- _INPUT DATA_:
------
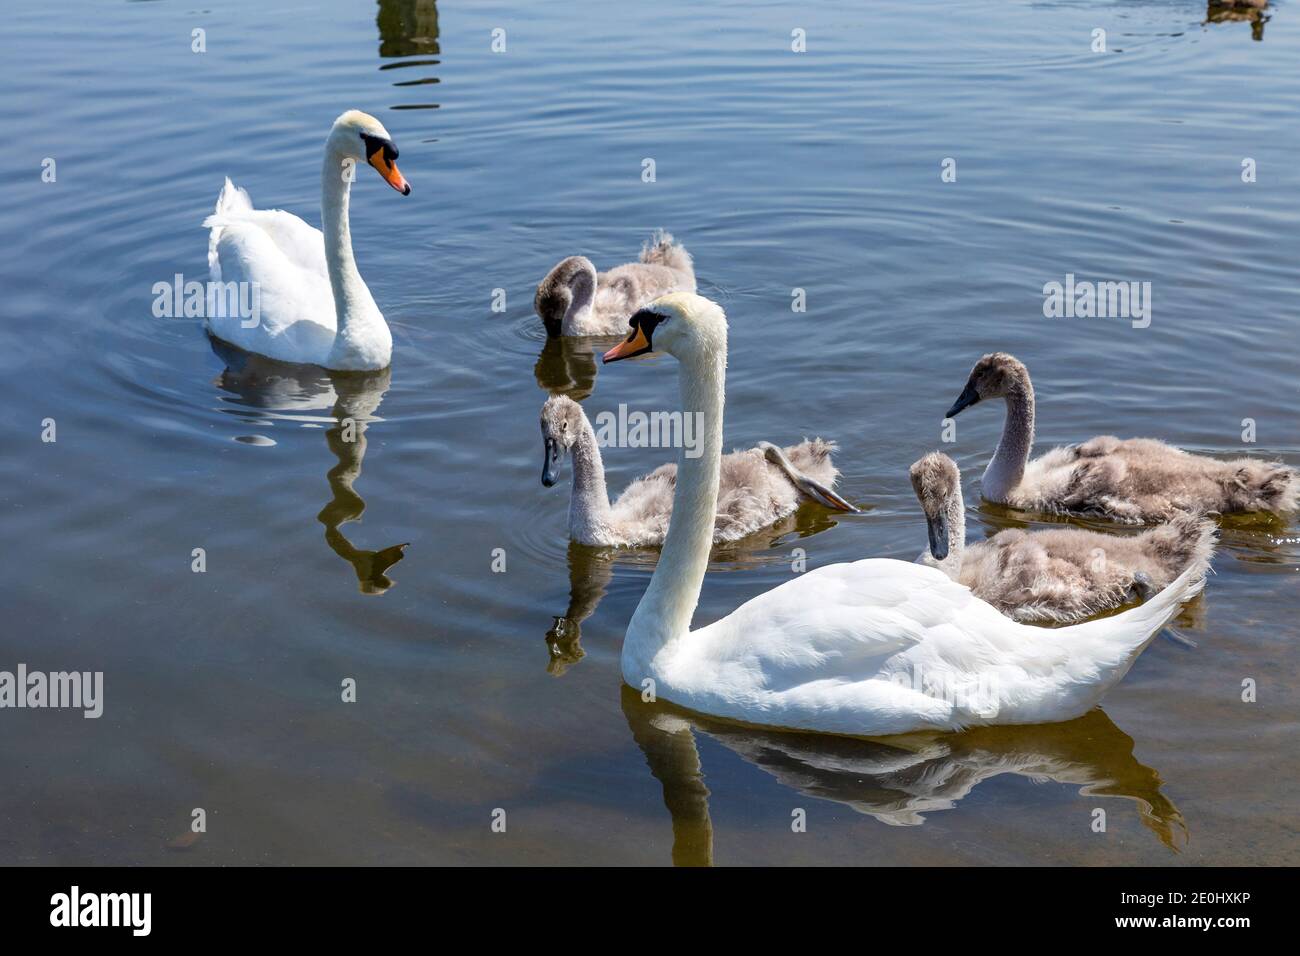 A family of swans on Serpentine Lake in Hyde Park, London, UK Stock Photo
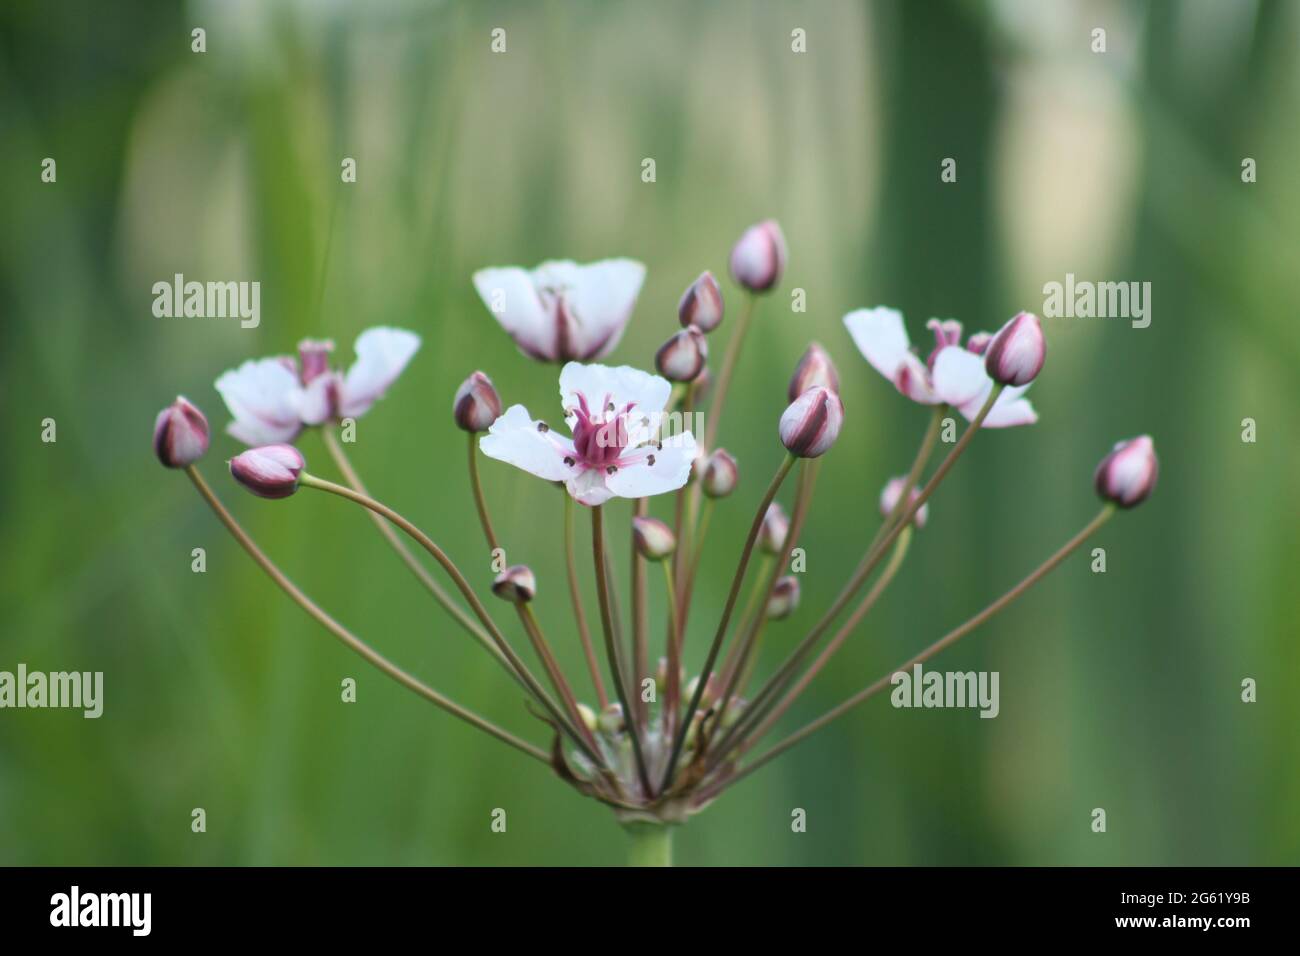 Flowering rush in bloom close-up view with green background Stock Photo
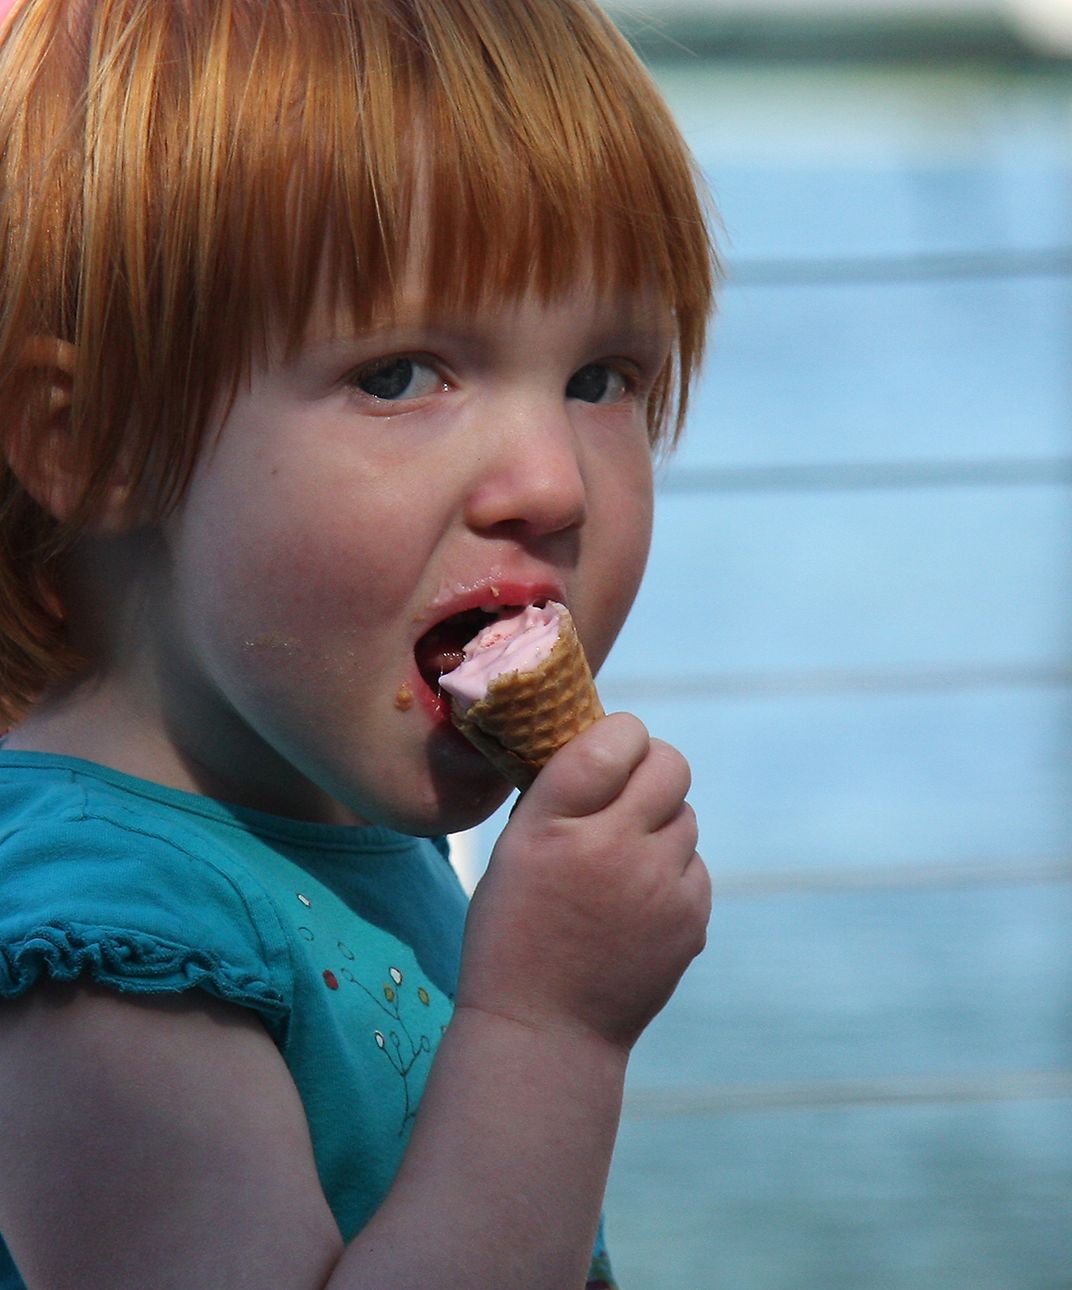 15 - A little redhead nears the end of her ice cream cone. It’s not over until it’s over.
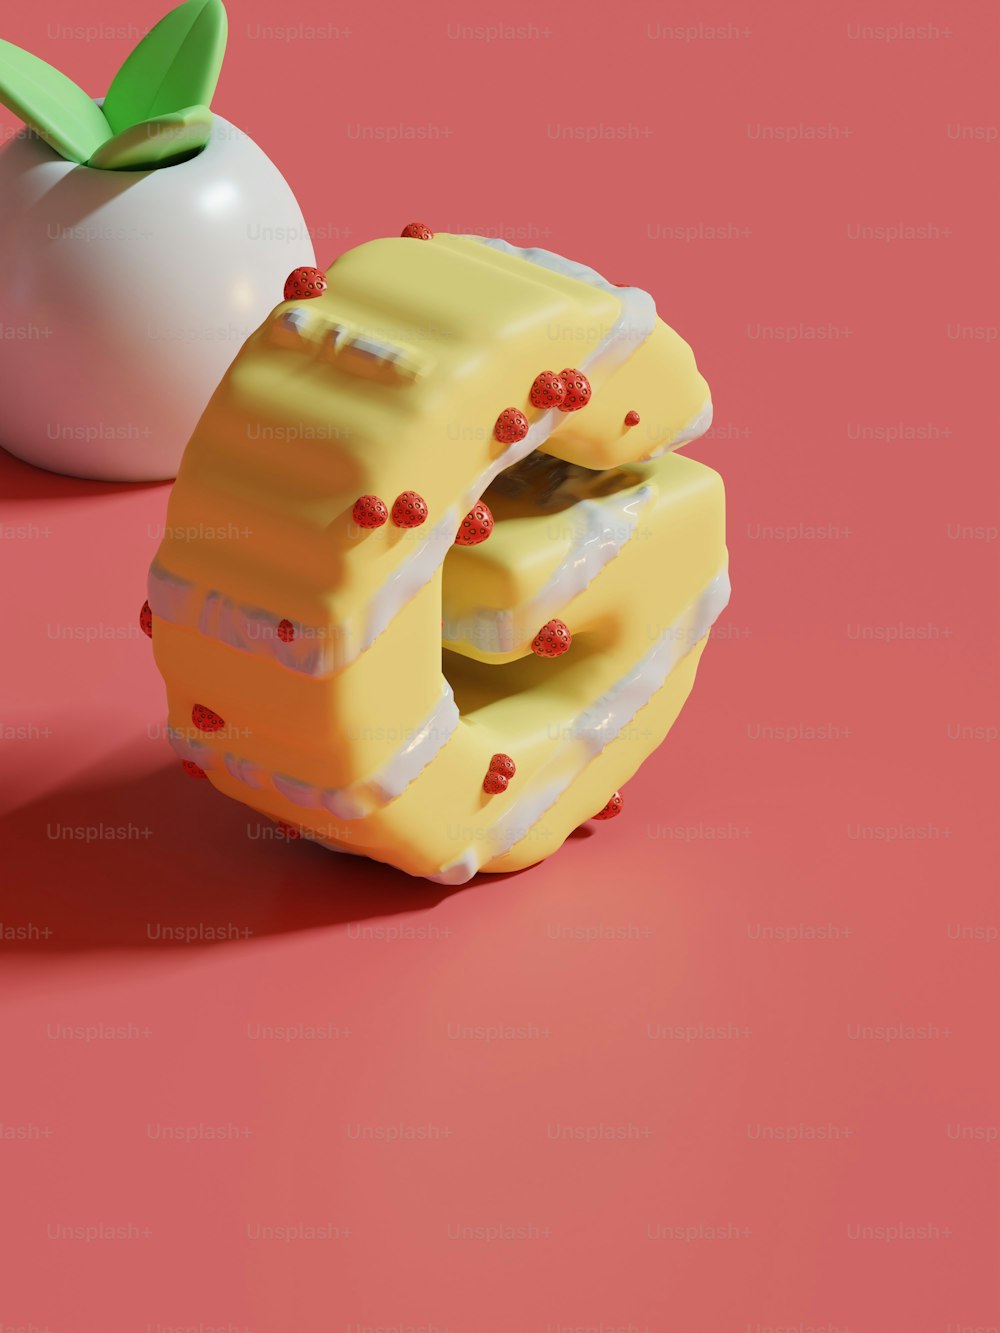 a piece of cake next to an apple on a pink surface
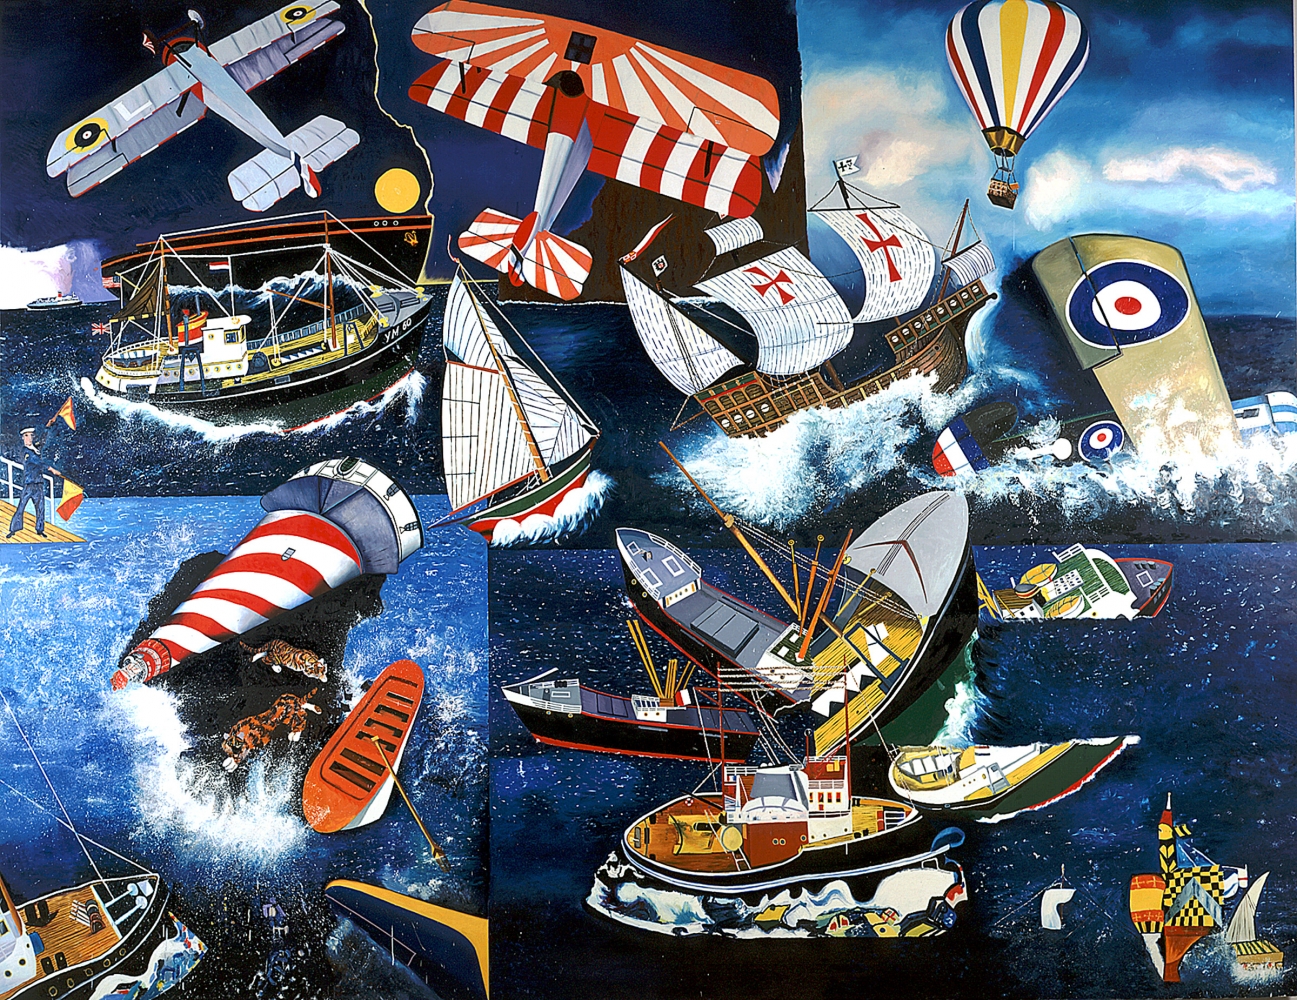 painting of collaged imagery of the sea, including ships, boats, biplanes and a lighthouse
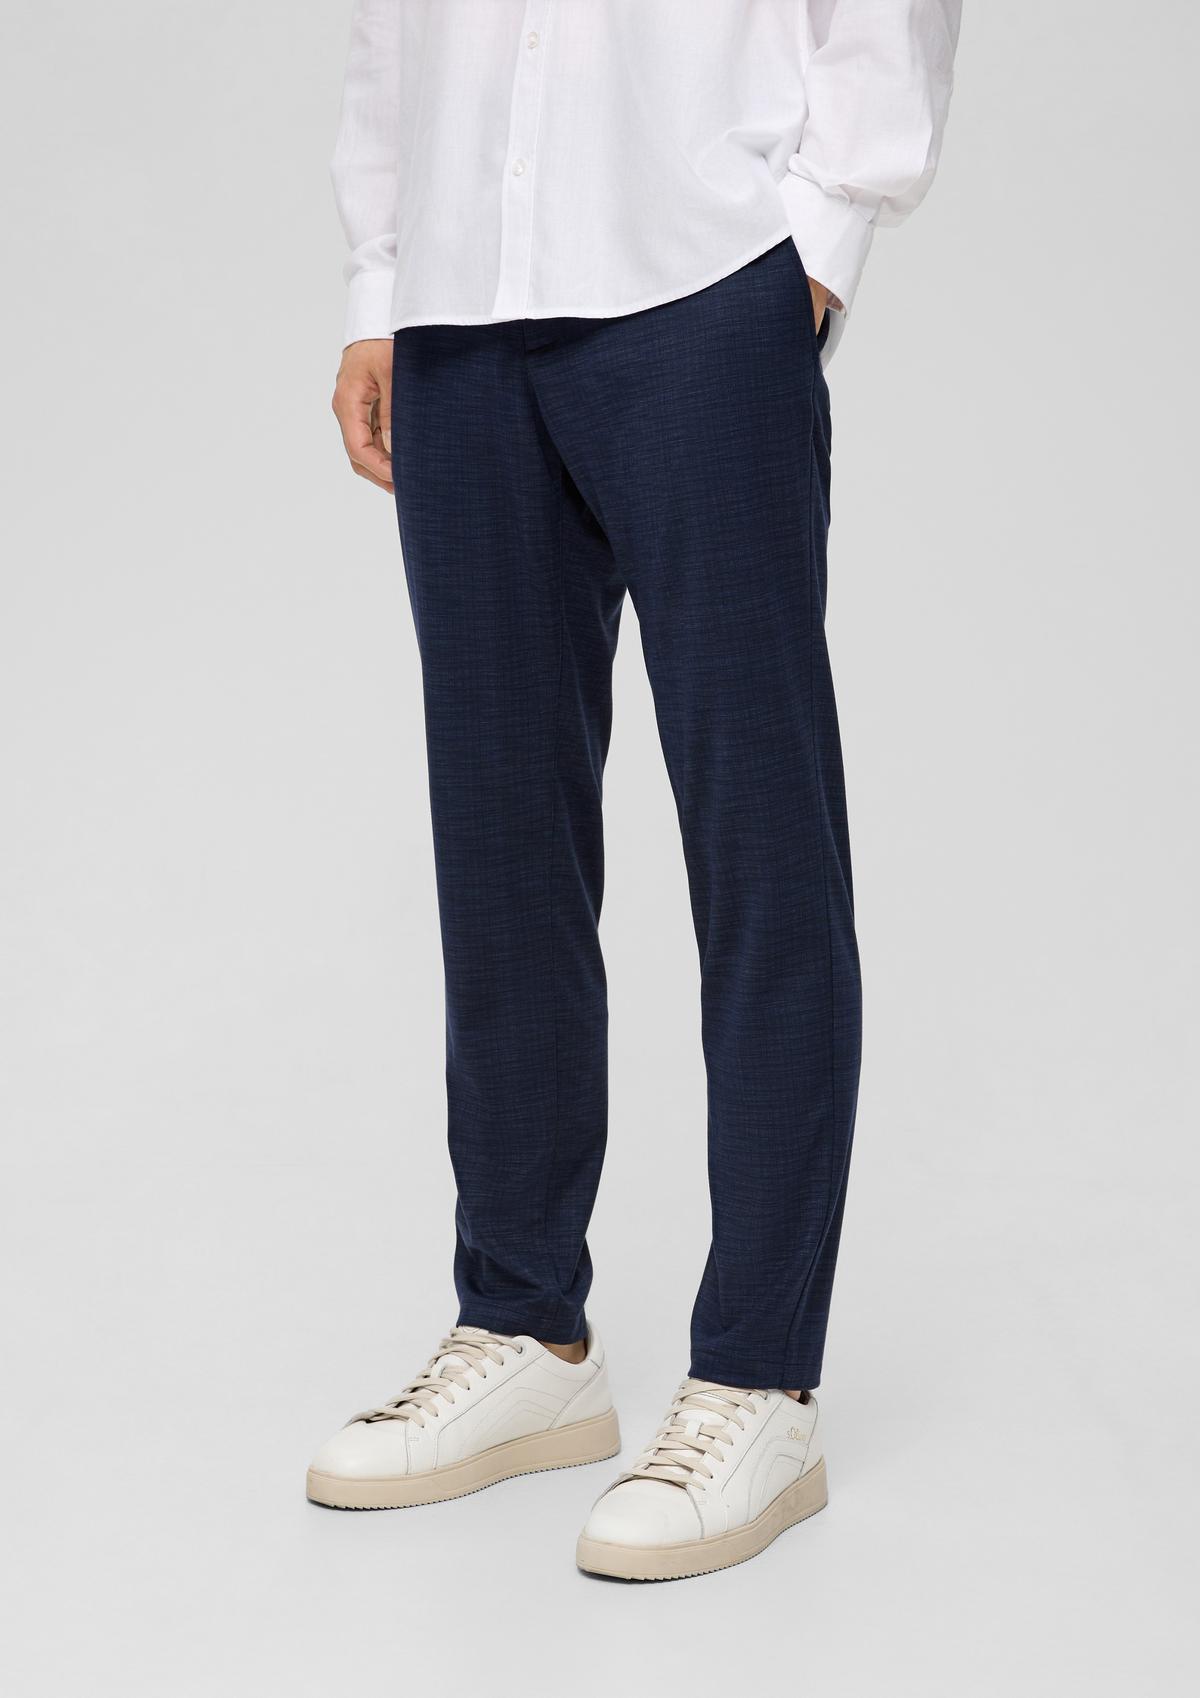 Slim fit: trousers with a tapered leg
------
Repeat exactly, and only, the entries from the line with "Flowering rush in" through the line with "painting of collaged". Pictures are skipped.

 Flowering rush in bloom close-up view with green background Stock Photo
 15 - A little redhead nears the end of her ice cream cone. It’s not over until it’s over.
 a piece of cake next to an apple on a pink surface
 painting of collaged imagery of the sea, including ships, boats, biplanes and a lighthouse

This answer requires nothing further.